My dotstuff script can do most of that, with a little bit of work. With the
current features, you'd put all your bashrc content into a single
~/dotstuff/bashrc file, marked off with preprocessor directives that turned on
and off certain sections depending on the content of the "environment" (a
simple key-value file).

Adding the ability to query the version of installed software would be easy to
add. Adding the ability to concatenate multiple files would be fairly easy
too. Although I think an "include" directive might make more sense than run-
parts style, since many dotfiles have hierarchical structure.

It's written in 2.4-compatible Python and I'm happy to accept contributions.

[https://bitbucket.org/davidn/dotstuff](https://bitbucket.org/davidn/dotstuff)

------
platz
also see GitMinutes #13: Richard Hartmann on Managing Your Homedir with vcsh:

[http://episodes.gitminutes.com/2013/06/gitminutes-13-richard...](http://episodes.gitminutes.com/2013/06/gitminutes-13-richard-
hartmann-on.html)

[https://github.com/RichiH/vcsh](https://github.com/RichiH/vcsh)

------
Toenex
I've taken a different approach and store all my dotfiles on Dropbox and then
symlinked them the local system.

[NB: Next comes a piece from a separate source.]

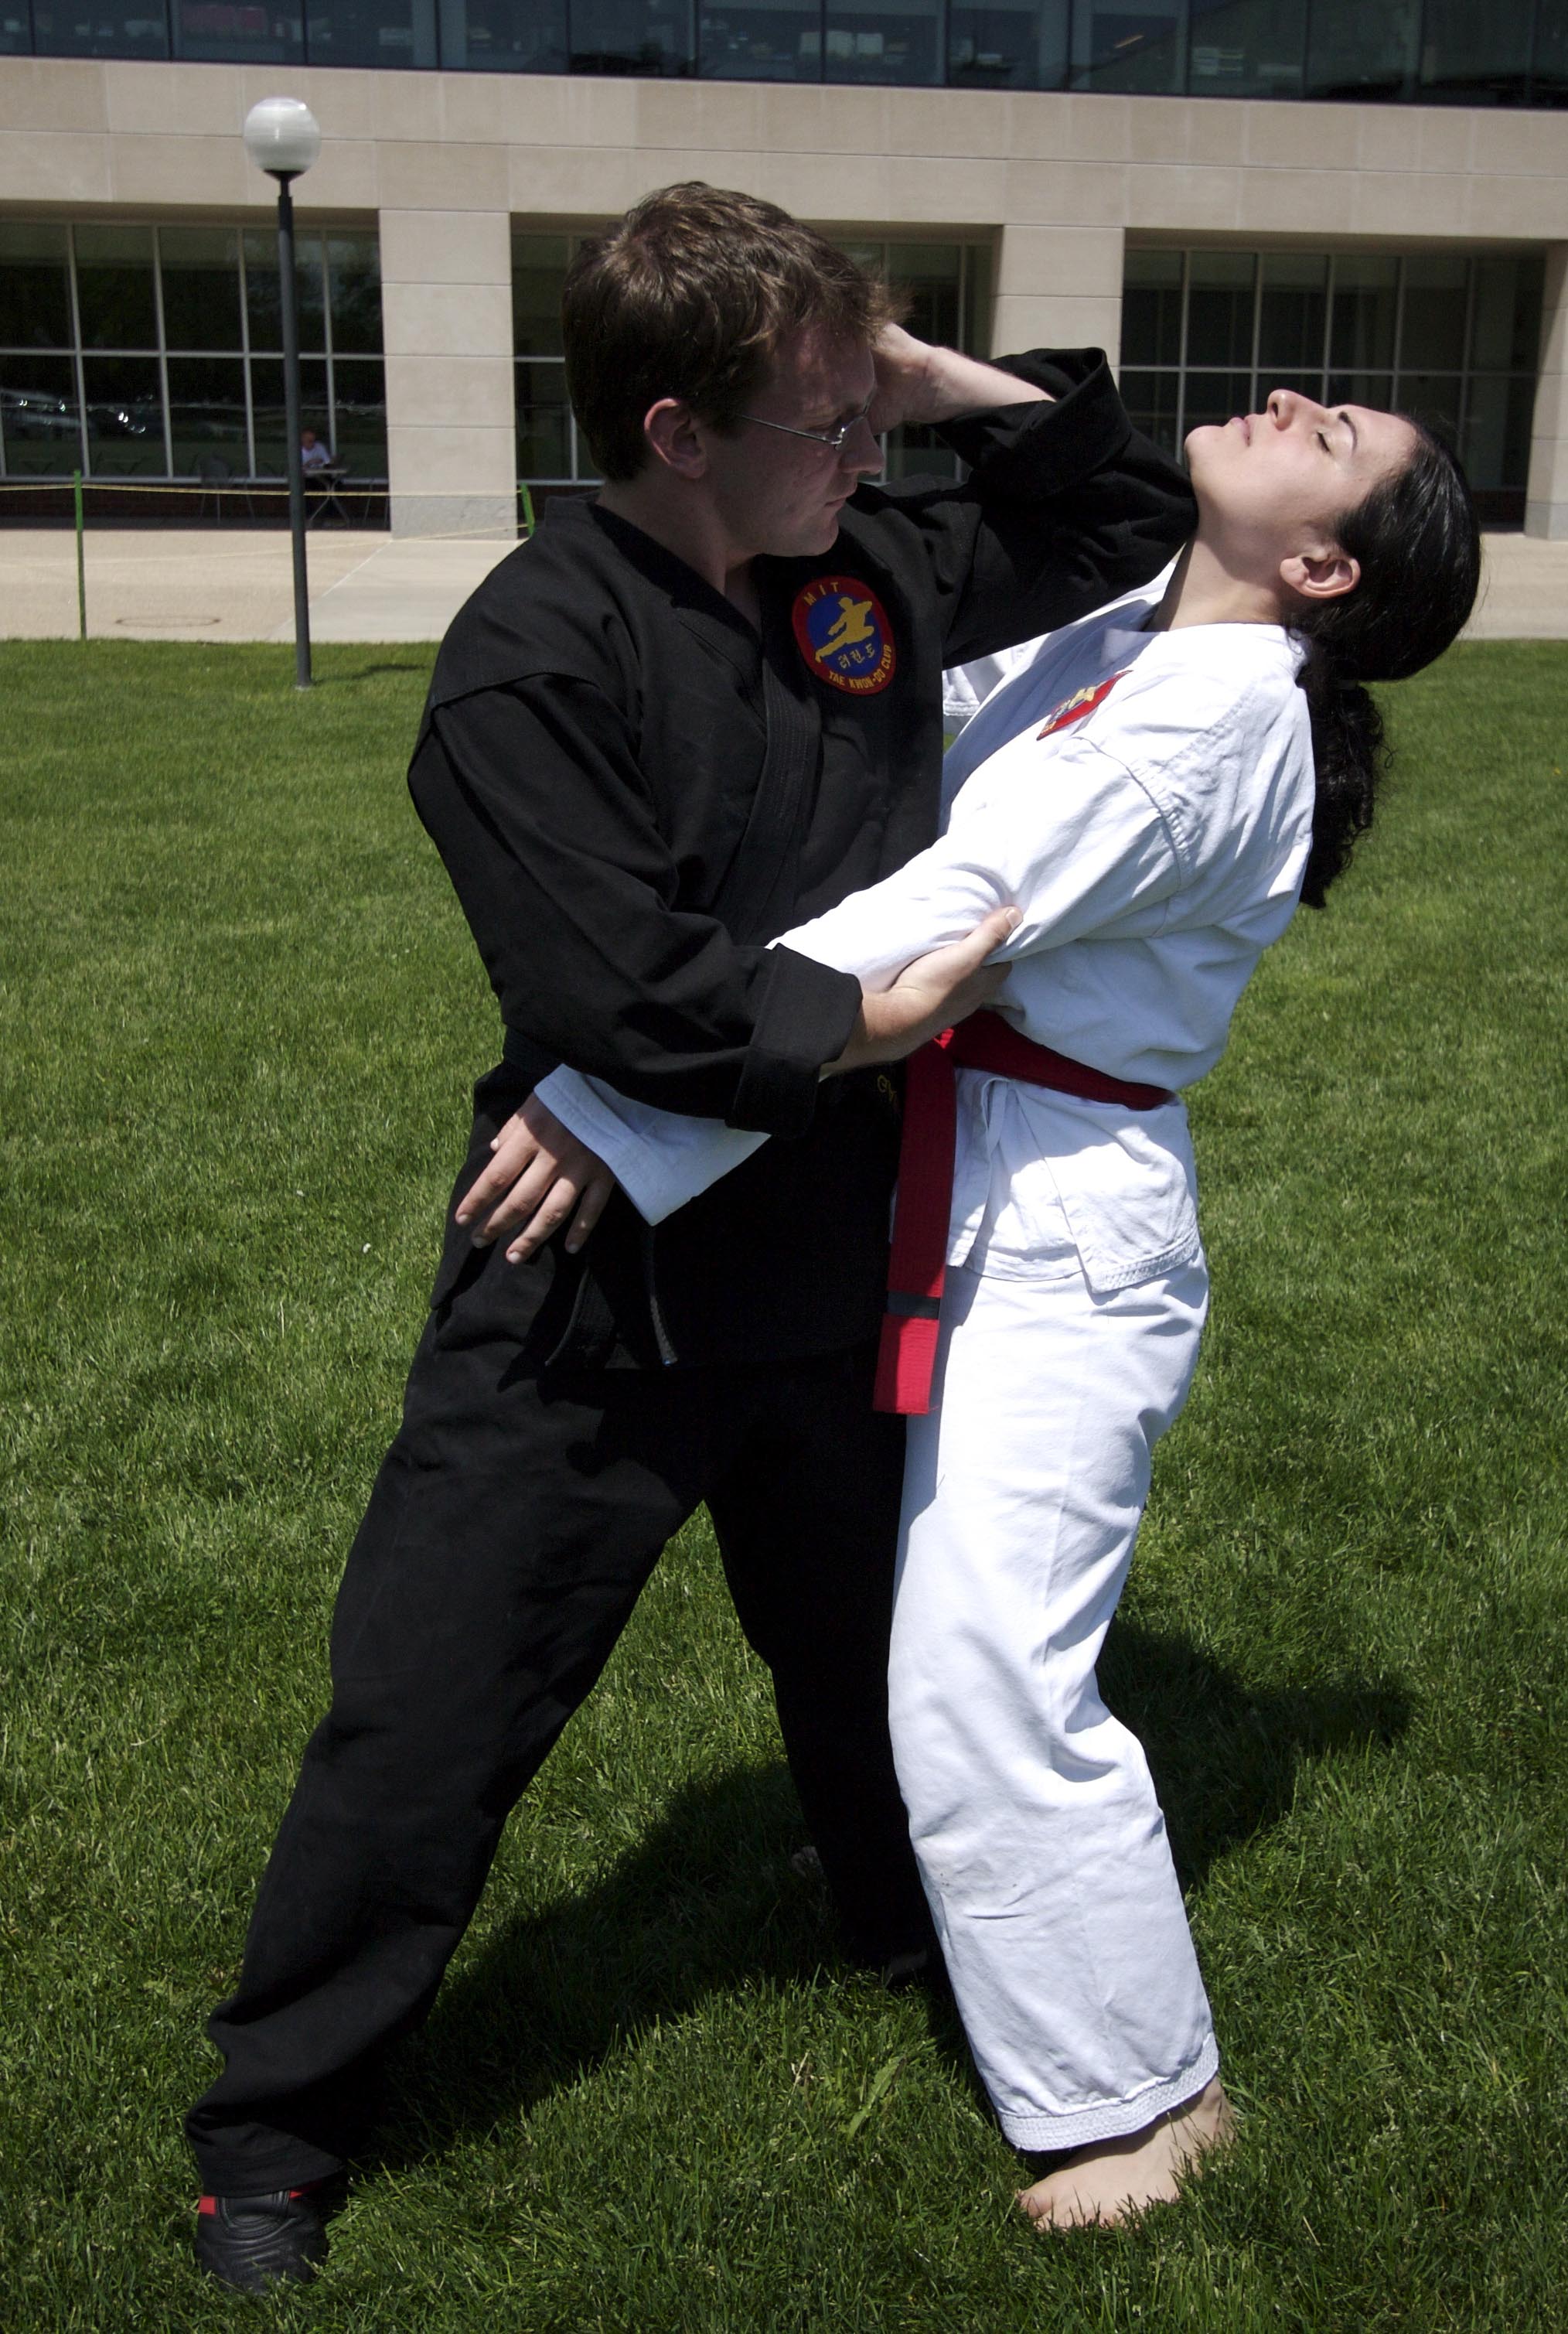 photo: Black Belt teaching Red Belt

I get synchronisation between machine almost
instantaneously and can move between around half a dozen boxes Including
Linux, OSX and cygwin with little problem. Dropbox provide some version
control which is useful If I really break something and I have a single script
which can bootstrap a new machine. A few things don't liked to be symlinked
(namely ssh keys) but other than that this had worked great for several years.

------
jhh
I wasn't clear to me from the article alone how GNU Stow decides where to put
the files. Looking it up in the manfile stow uses the parent directory of the
"stow directory" by default.

You can change this behaviour using the --target and --dir options, where
setting --dir will set the target dir to the parent of what you set for --dir.

I don't think it's possible to configure a target in the package itself, as
far as I can see from reading the man page.

------
brini
Does anyone else use RCS [1] for this?

[1] [https://www.gnu.org/software/rcs/](https://www.gnu.org/software/rcs/)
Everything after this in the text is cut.